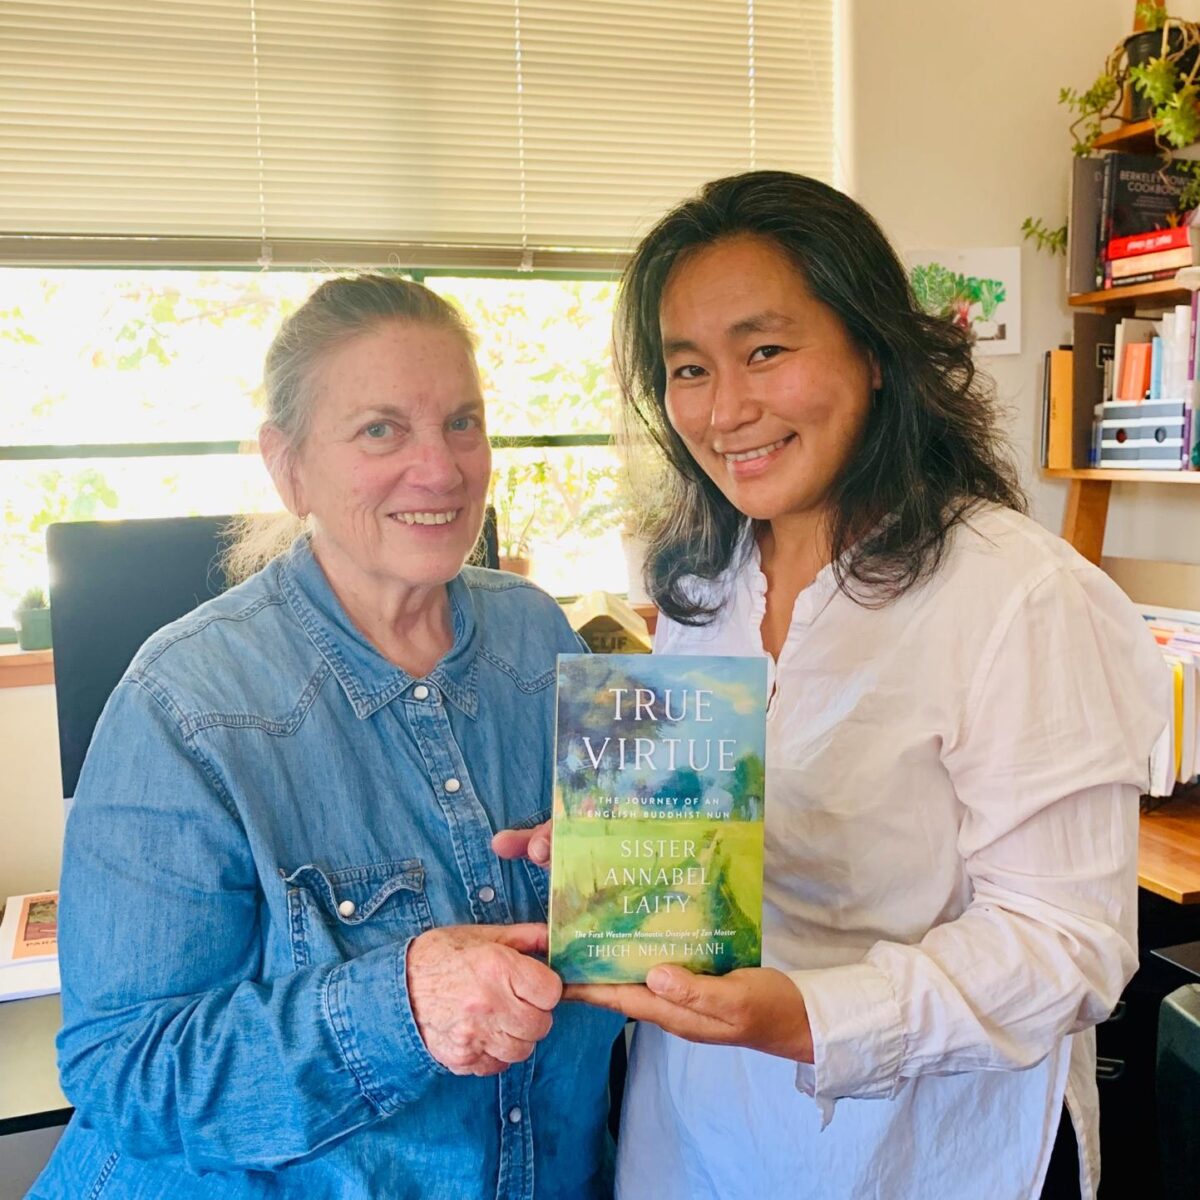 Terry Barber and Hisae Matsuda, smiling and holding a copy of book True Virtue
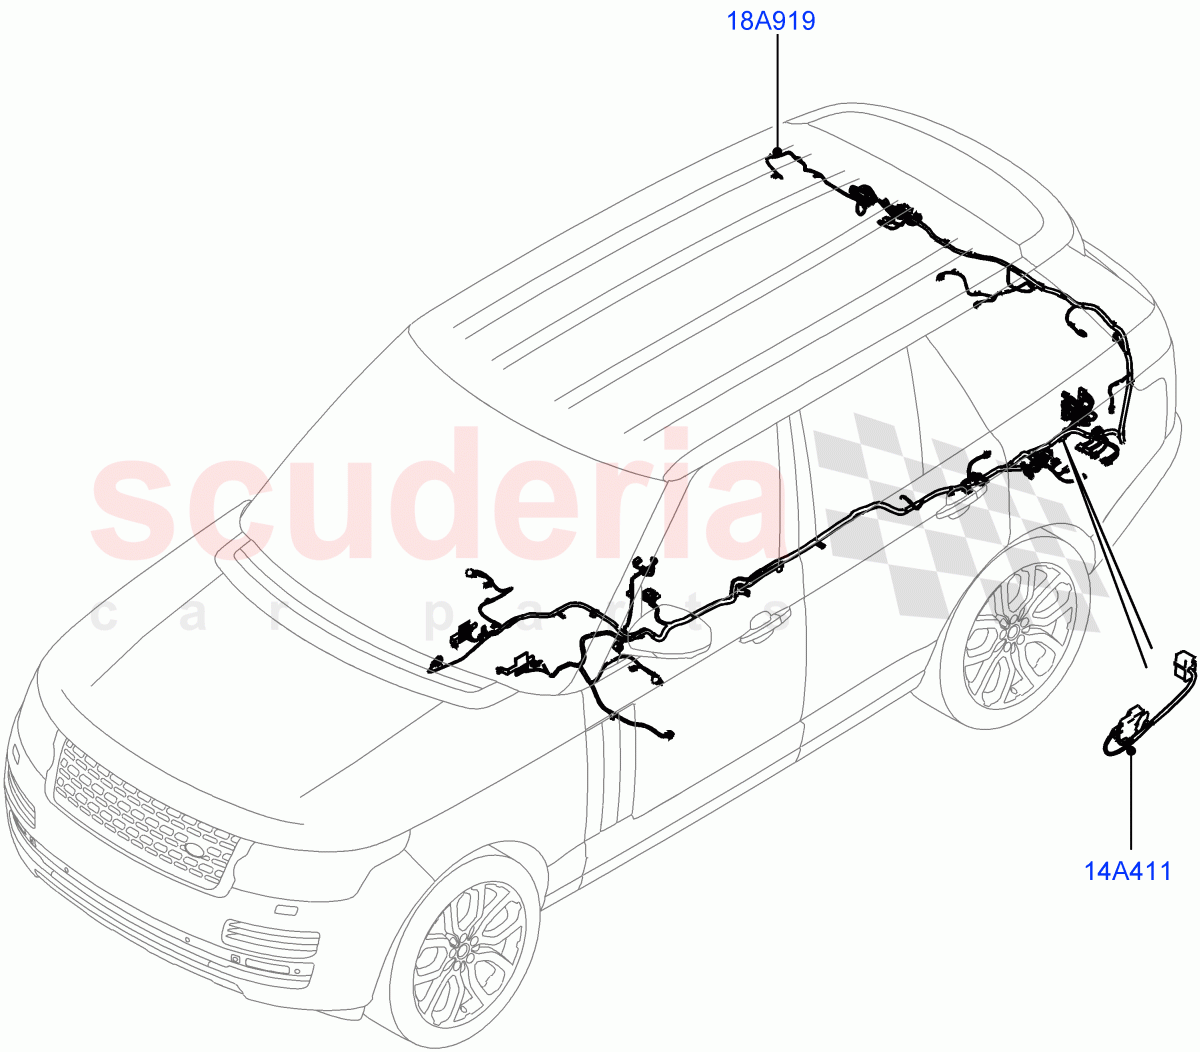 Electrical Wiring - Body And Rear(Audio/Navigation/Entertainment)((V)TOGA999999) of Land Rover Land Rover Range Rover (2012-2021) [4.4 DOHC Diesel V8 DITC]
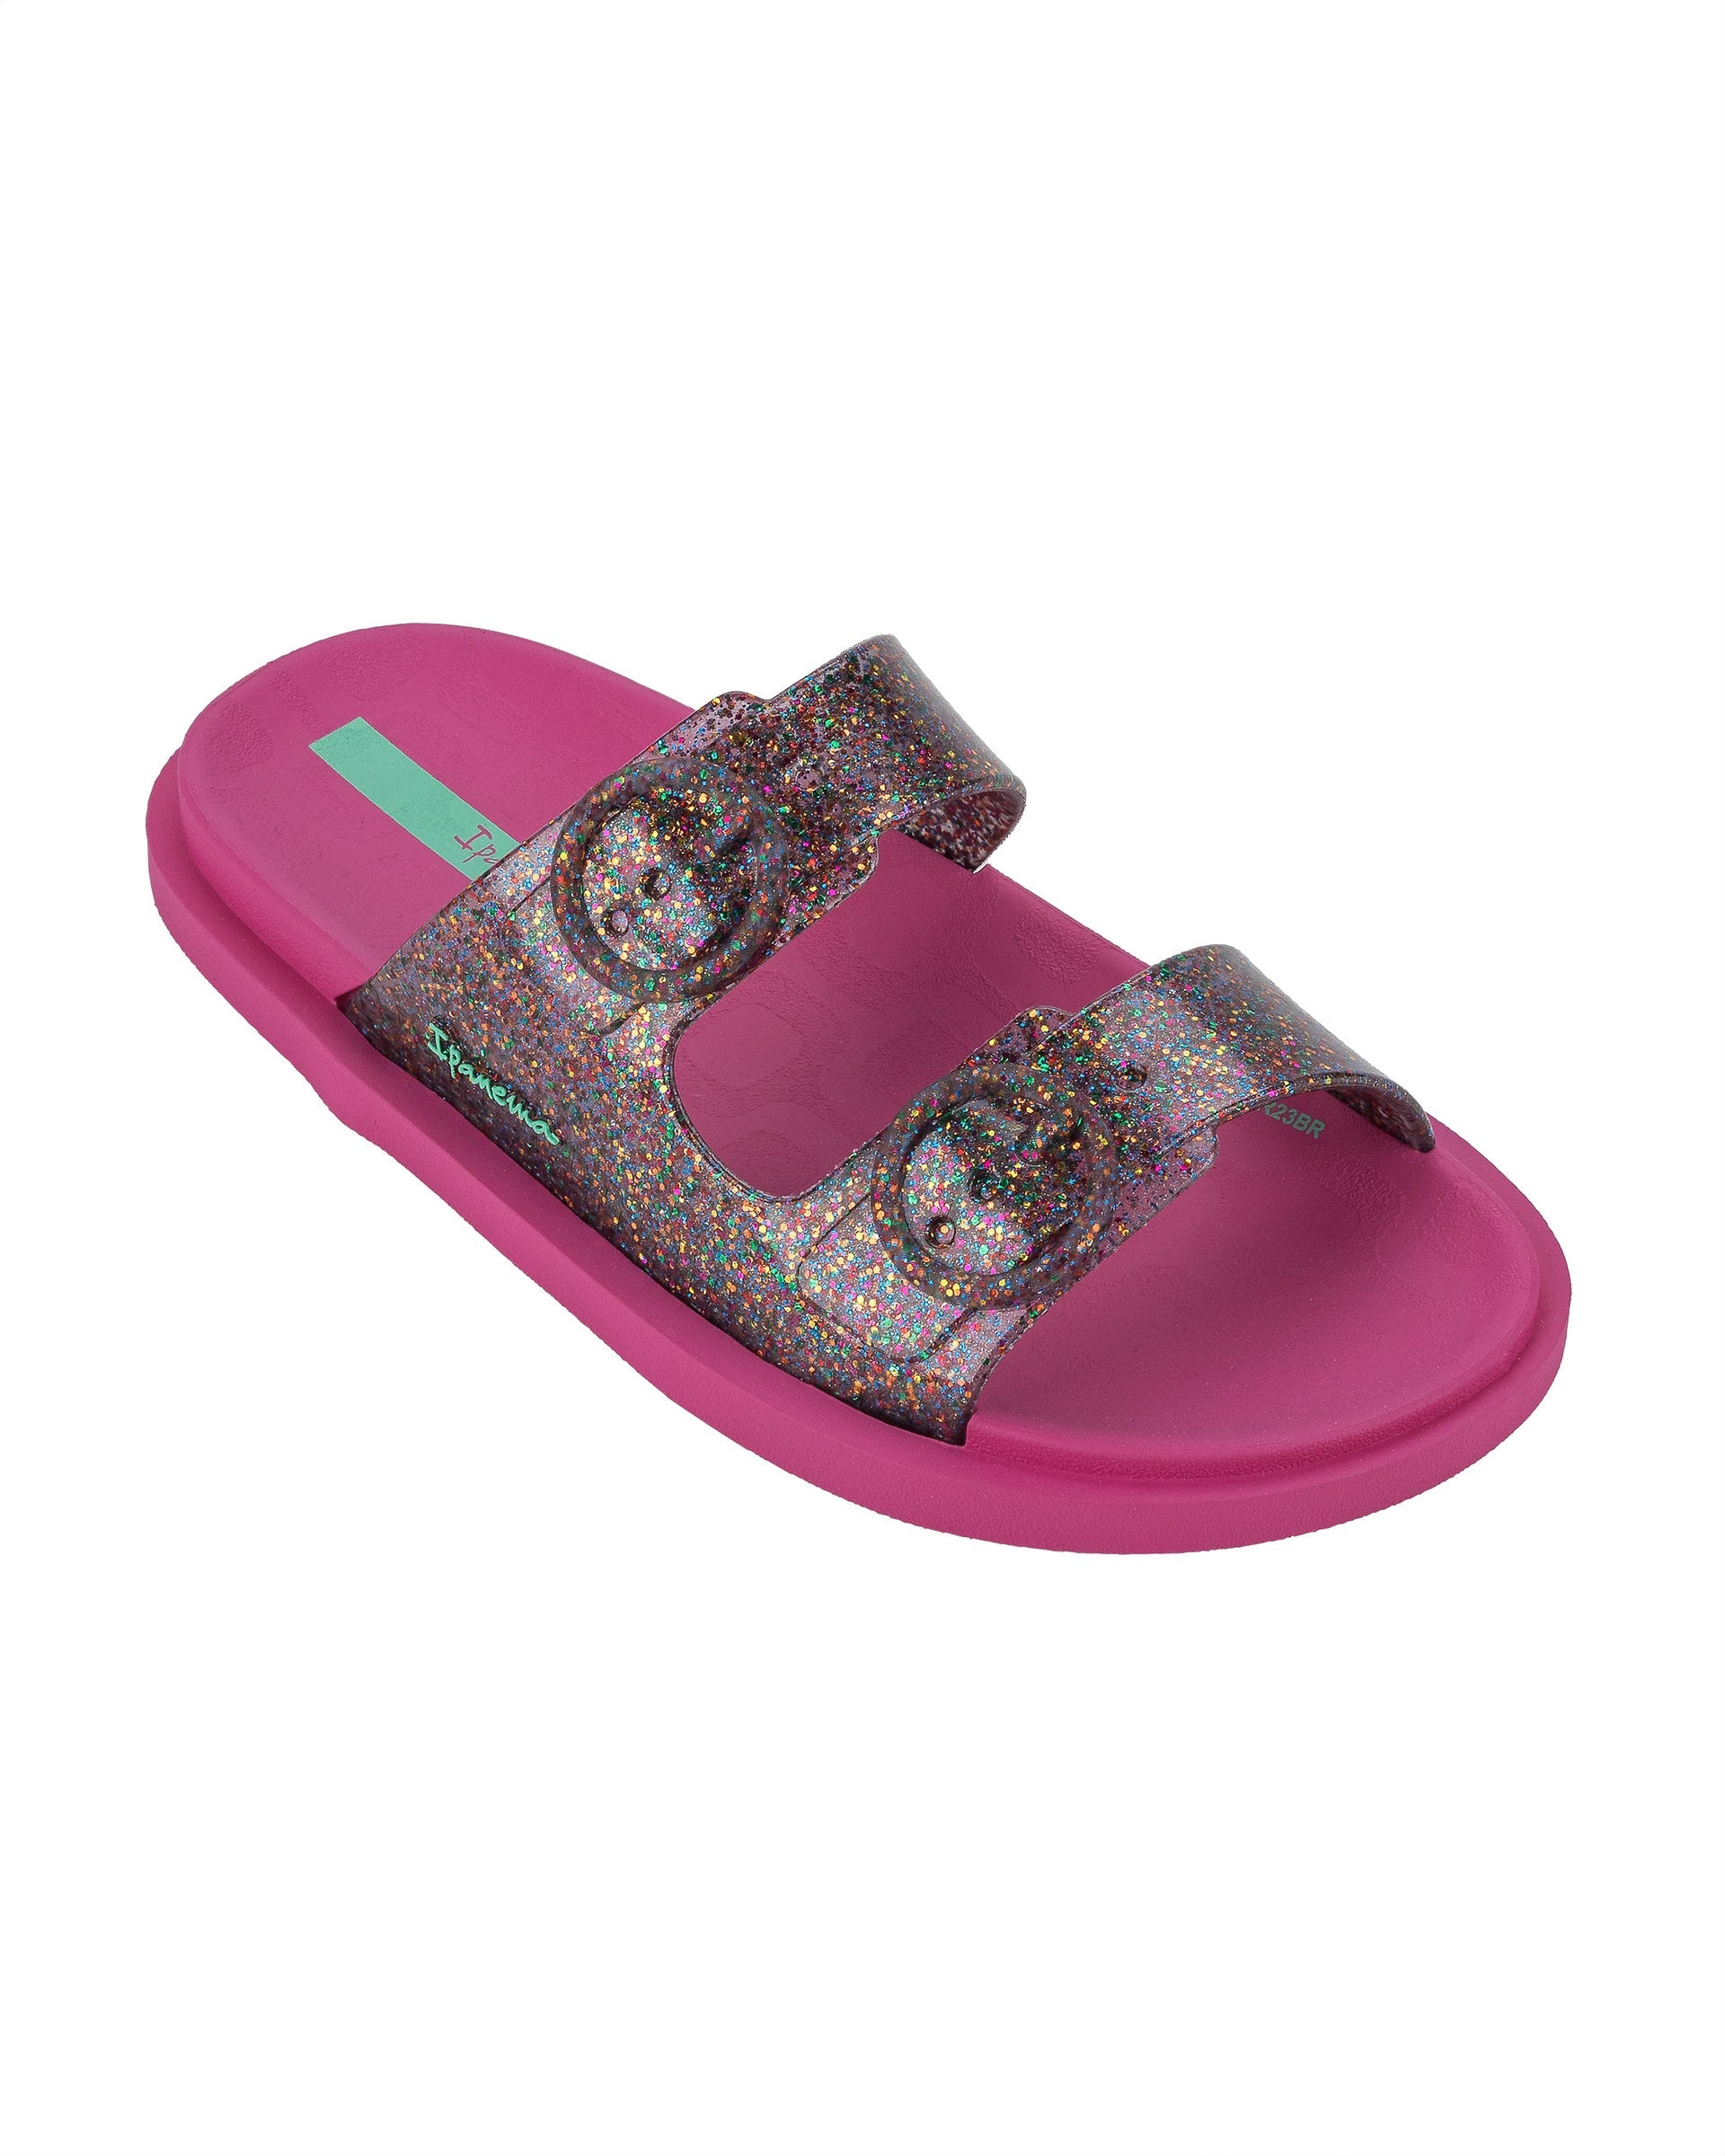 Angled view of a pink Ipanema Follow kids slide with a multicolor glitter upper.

TASK TO CARRY OUT: Give the listing again, exactly as it appears, but without its images.

RESPONSE BOX:
 Terry Barber and Hisae Matsuda, smiling and holding a copy of book True Virtue
 Electrical Wiring - Body And Rear(Audio/Navigation/Entertainment)((V)TOGA999999) of Land Rover Land Rover Range Rover (2012-2021) [4.4 DOHC Diesel V8 DITC]
 Angled view of a pink Ipanema Follow kids slide with a multicolor glitter upper.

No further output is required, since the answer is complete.